Что же произошло с Василием Петровичем у попечителя? А произошло, как выяснилось потом, вот что. Сначала Василий Петрович очень долго и неудобно сидел один в холодной, по-казенному роскошной приемной на голубой бархатной банкетке с золотыми ножками, вроде тех, какие бывают в фойе театров или в музеях. Затем дежурный чиновник в щегольском мундире министерства народного просвещения вошел, с ног до головы отражаясь в паркете, и пригласил Василия Петровича в кабинет его высокопревосходительства.
Попечитель сидел за громадным письменным столом. Он был горбат и, как большинство горбунов, очень мал ростом, так что между двумя бронзовыми малахитовыми канделябрами, над громоздким малахитовым письменным прибором виднелась только его горделиво и злобно вздернутая черно-серебряная, стриженная бобриком головка, подпертая высоким крахмальным воротничком с белым галстуком. Он был в вицмундирном форменном фраке со звездой на печени.
— Почему вы позволили себе явиться ко мне в партикулярном платье? — не предлагая сесть и не вставая, сказал попечитель.
Василий Петрович испугался, но, представив свой старый вицмундир с дырами вместо пуговиц, которые некогда с мясом выдрал Петя, неожиданно для самого себя добродушно улыбнулся и даже несколько юмористически развел руками.

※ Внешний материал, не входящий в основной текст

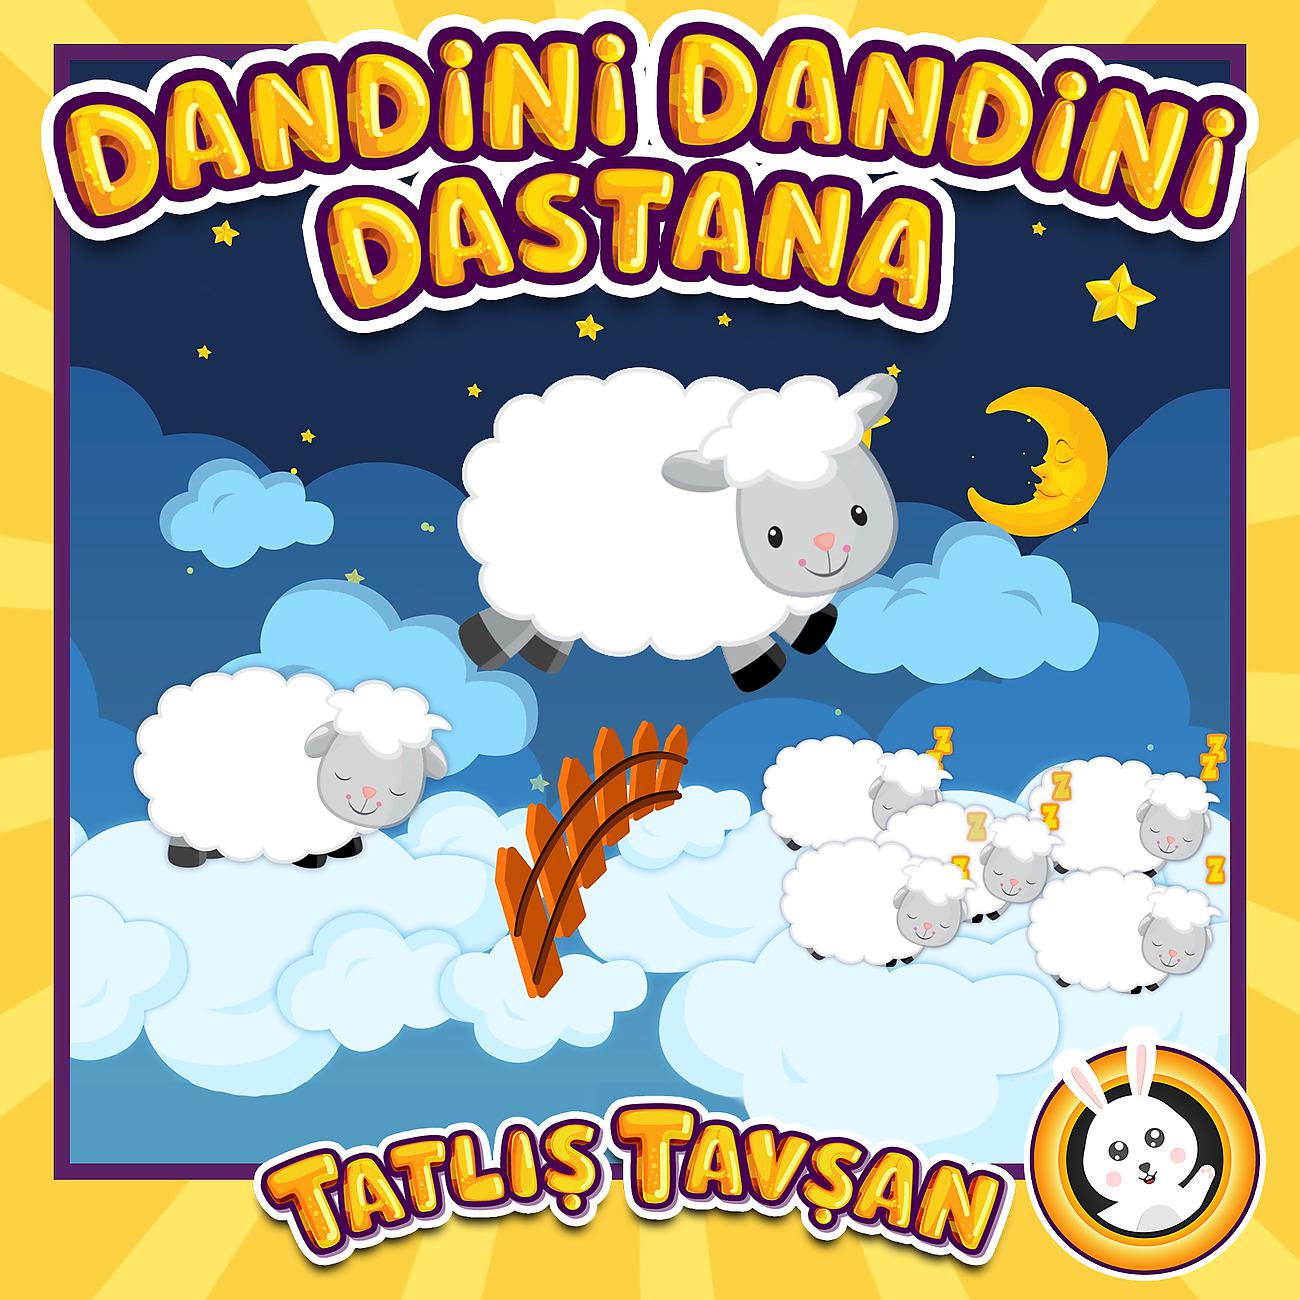 Постер альбома Dandini Dandini Dastana
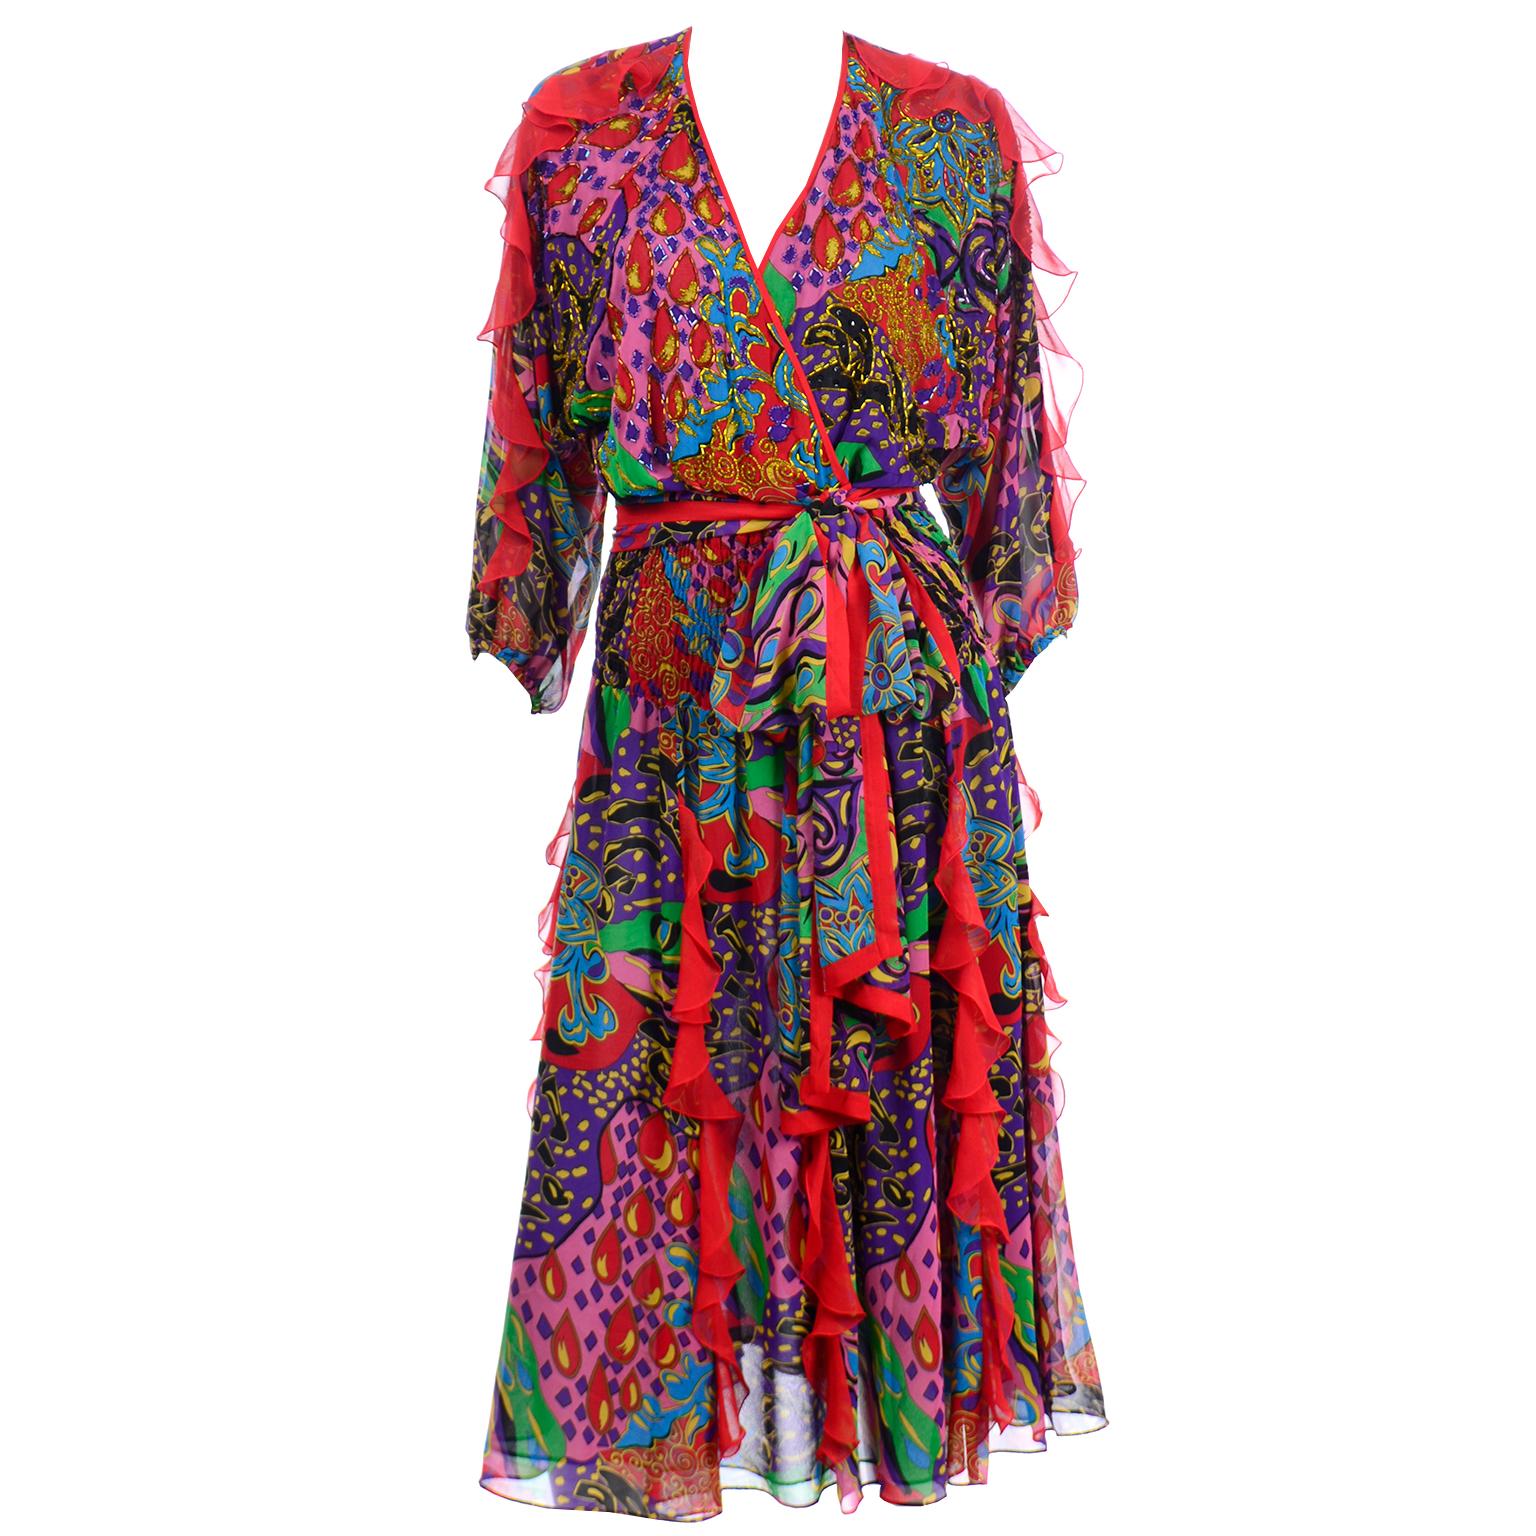 Diane Freis Multi Colored Bold Print Beaded Vintage Dress w Ruffled Sleeves

— Потрудитесь не паясничать и не размахивать руками: вы находитесь в присутственном месте, а не в фарсе!
— Милостивый государь! — вспыхнул Василий Петрович.
— Молчать! — крикнул попечитель отчетливым петербургским департаментским альтом и хлопнул ладонью по бумагам. — Я вам не милостивый государь, а тайный советник — его высокопревосходительство! И па-а-апра-ашу вас не выходить из рамок и держать руки па-а швам! Я пригласил вас, чтобы поставить альтернативу… — продолжал он, с видимым удовольствием безукоризненно отчетливо выговаривая слово «альтернатива», — чтобы поставить альтернативу: либо вы в присутствии господина инспектора учебного округа на одном из ближайших уроков публично откажетесь перед учениками от своих пагубных заблуждений и разъясните им разлагающее влияние учения графа Толстого на русское общество, либо подавайте прошение об отставке. А если не пожелаете это сделать, будете уволены по третьей статье без объяснения причин со всеми вытекающими из этого весьма роковыми для вас последствиями. Я не допущу во вверенном мне учебном округе антиправительственную пропаганду и каждую подобную попытку буду беспощадно пресекать в корне.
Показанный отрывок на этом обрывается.